▶ Exercise data
=== Begin Enclosure ===

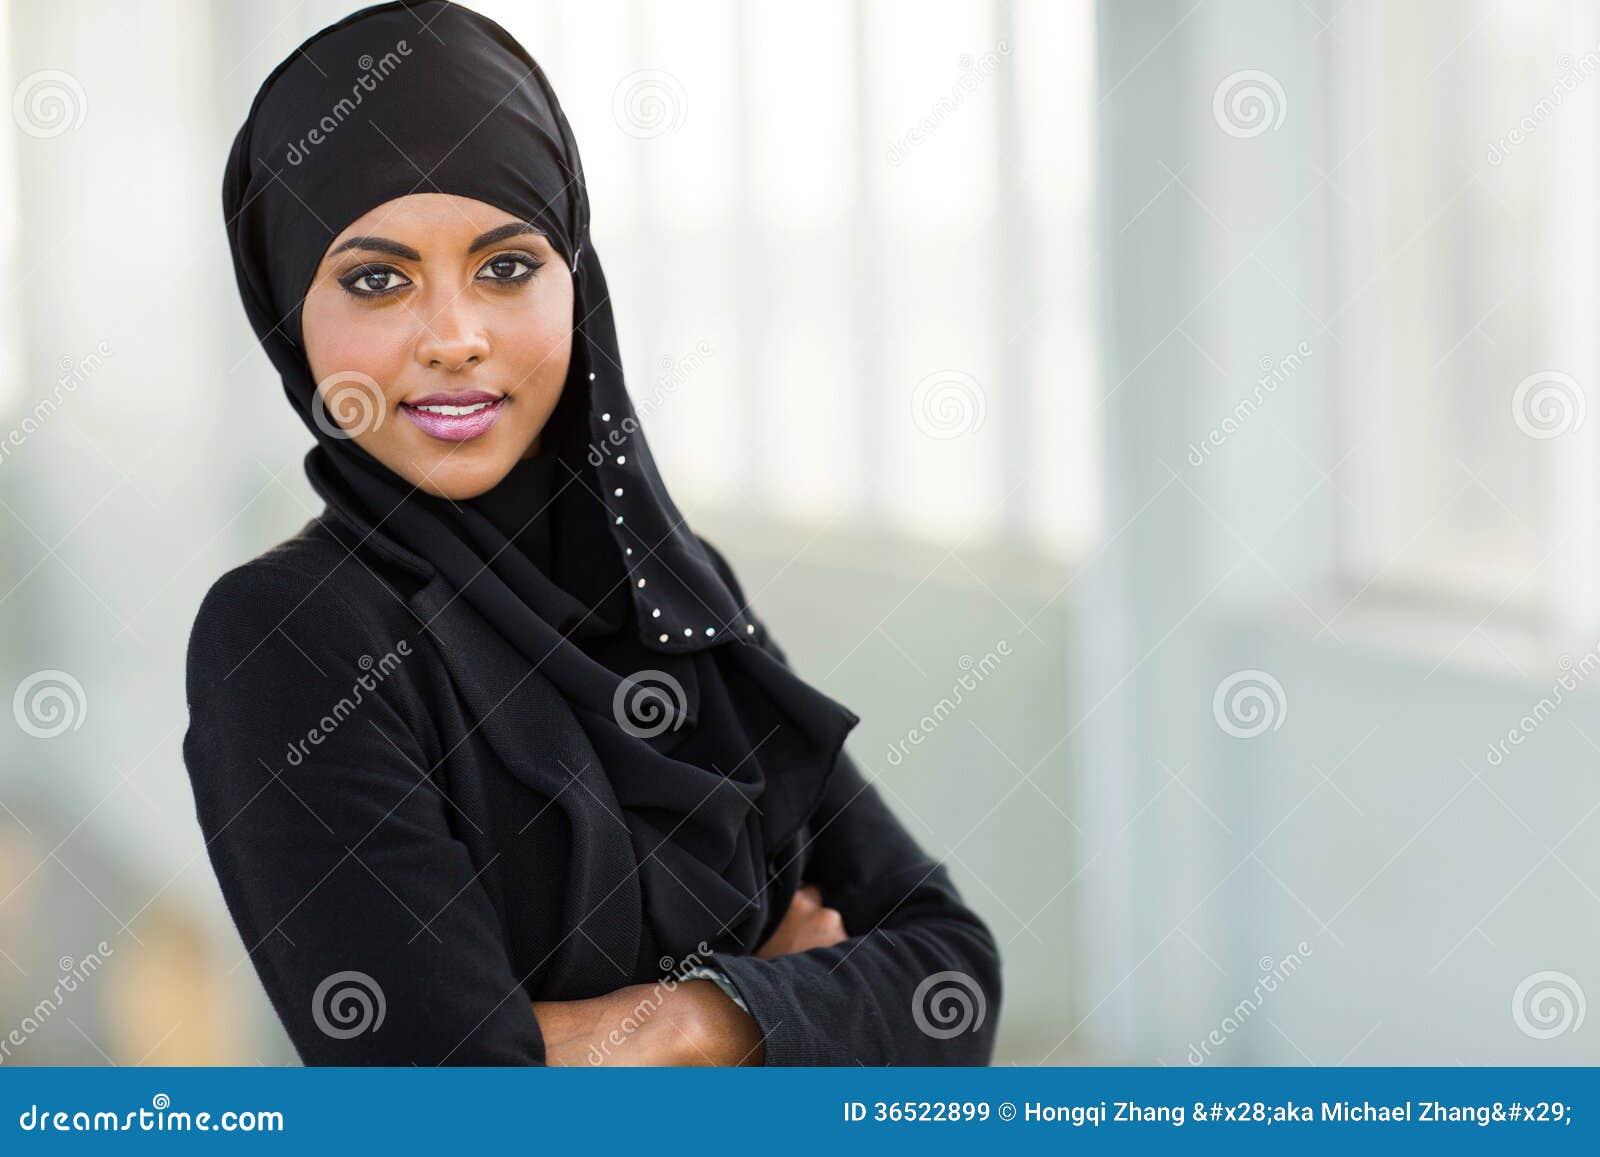 Employé de bureau arabe moderne
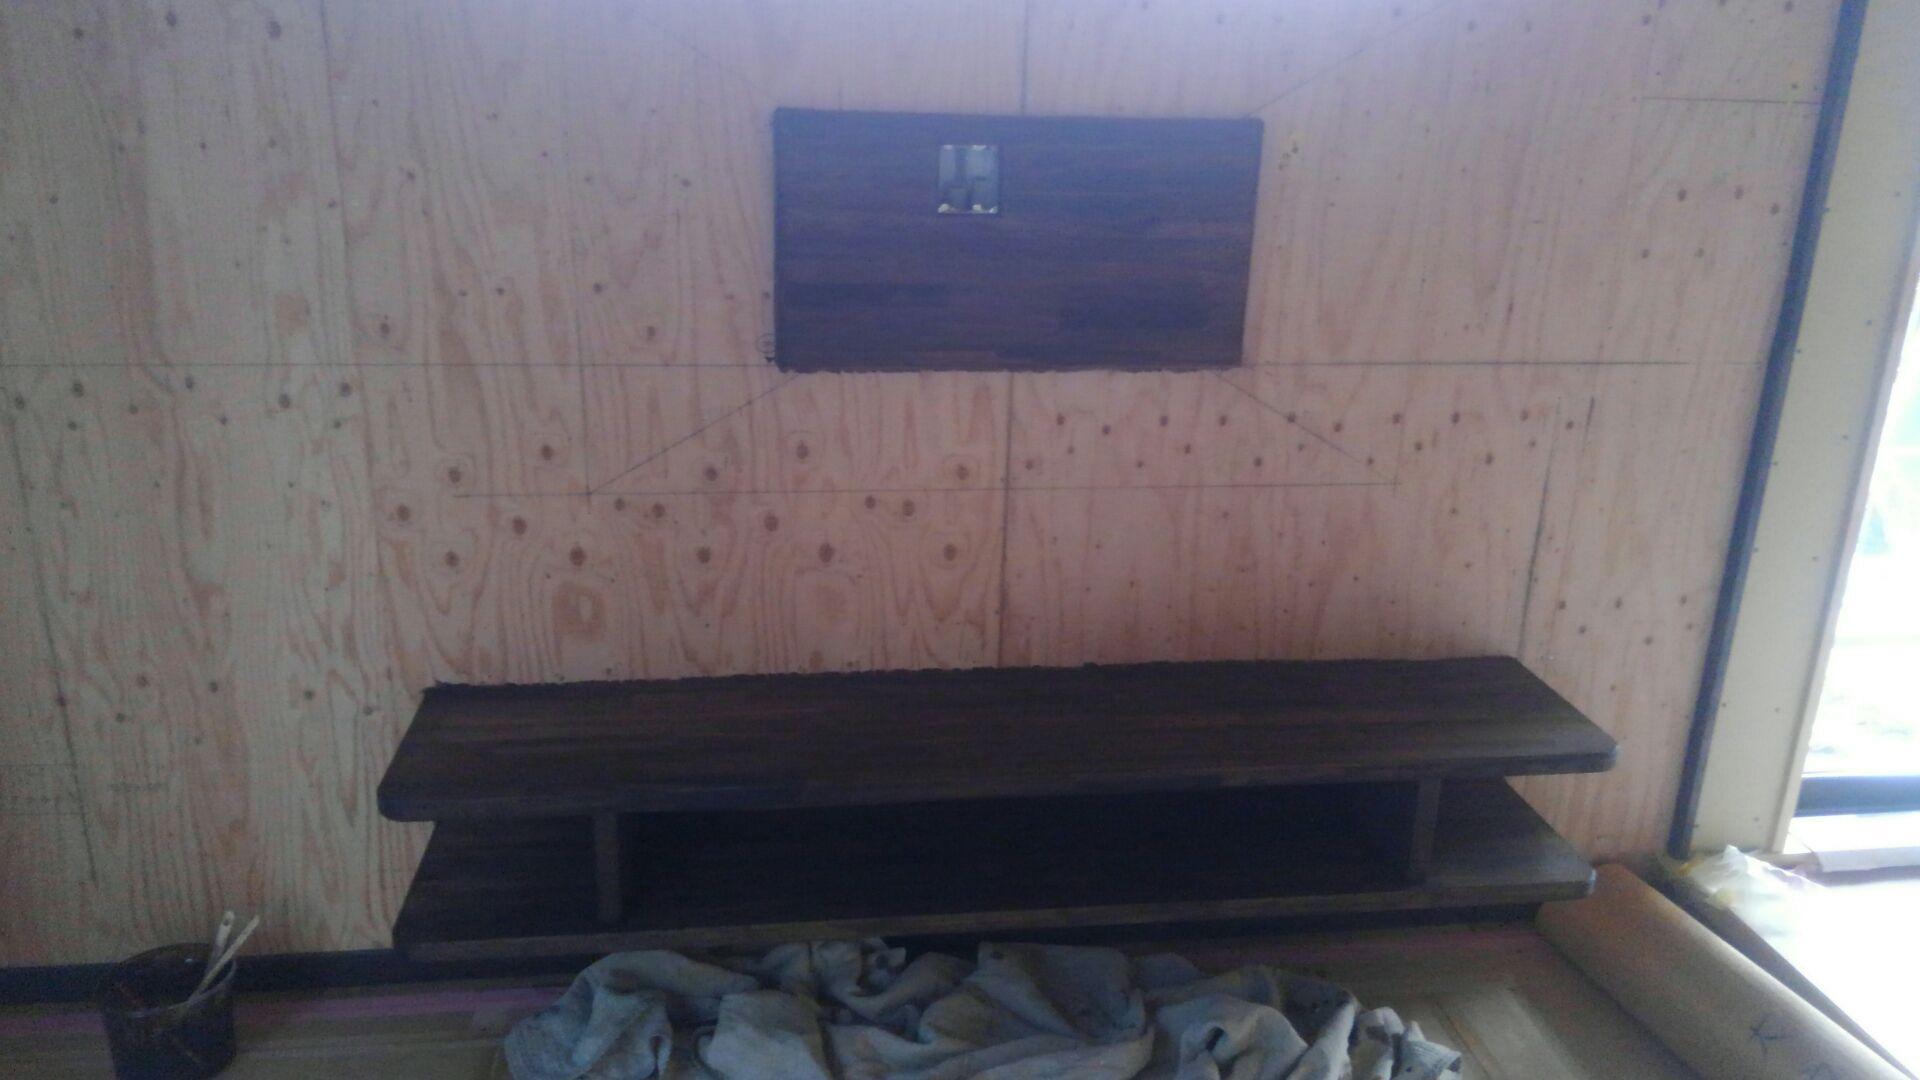 大工さんが造作したテレビ台。
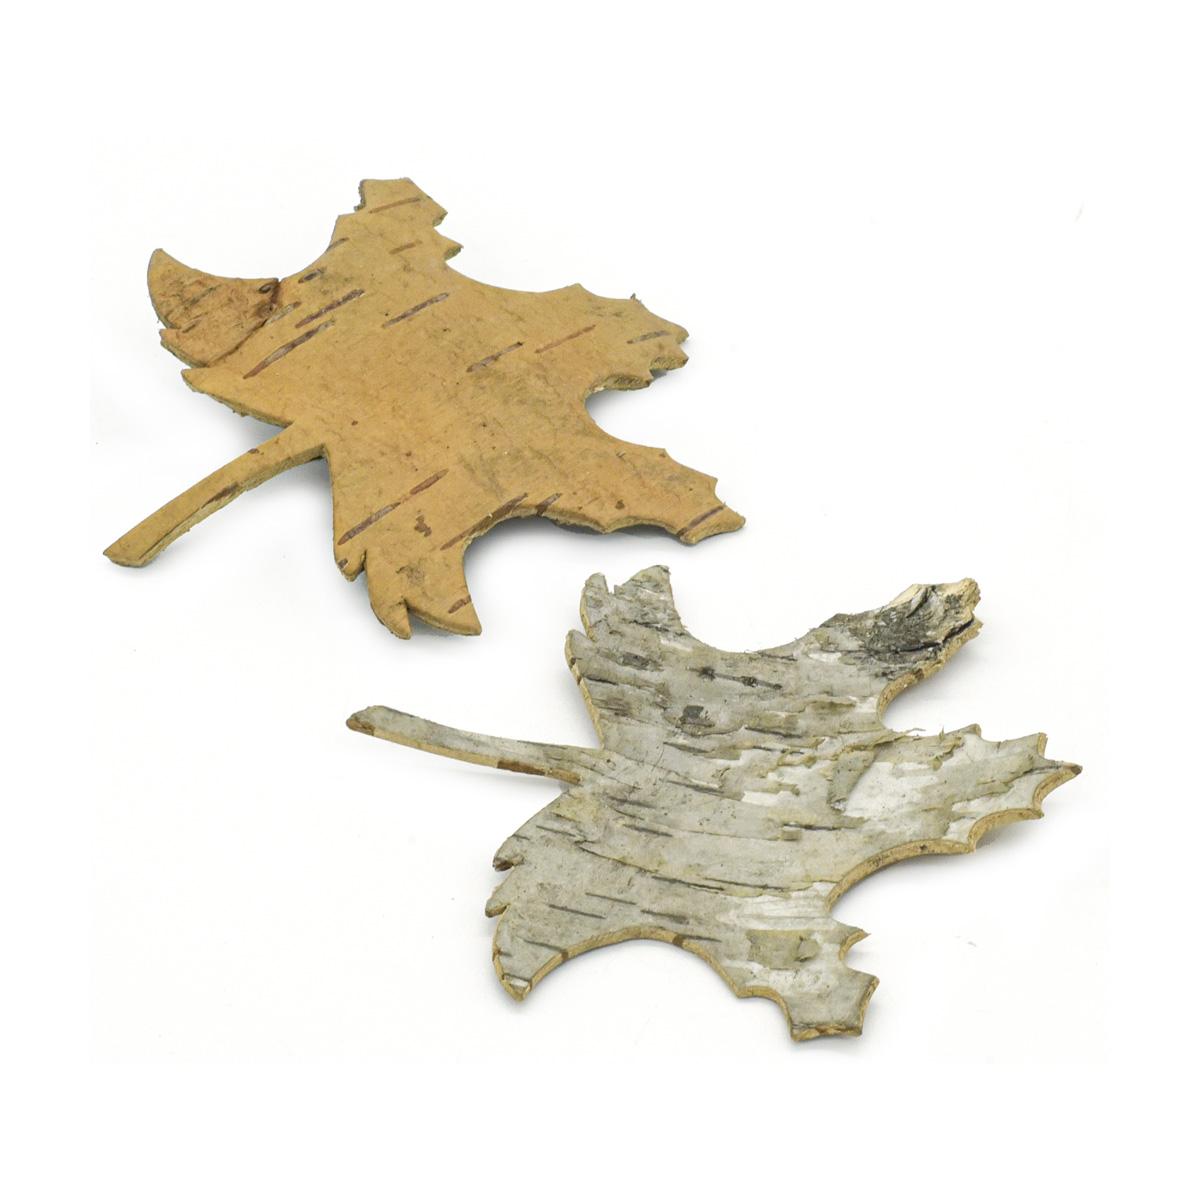 YW211 Декоративные элементы из коры дерева 'Кленовый лист', 8,5*10см, 6шт/уп

=== End Enclosure ===

▶ Action item
Every line of the material above must be written out exactly, with no pictures.

▶ Reply
 Employé de bureau arabe moderne
 大工さんが造作したテレビ台。
 YW211 Декоративные элементы из коры дерева 'Кленовый лист', 8,5*10см, 6шт/уп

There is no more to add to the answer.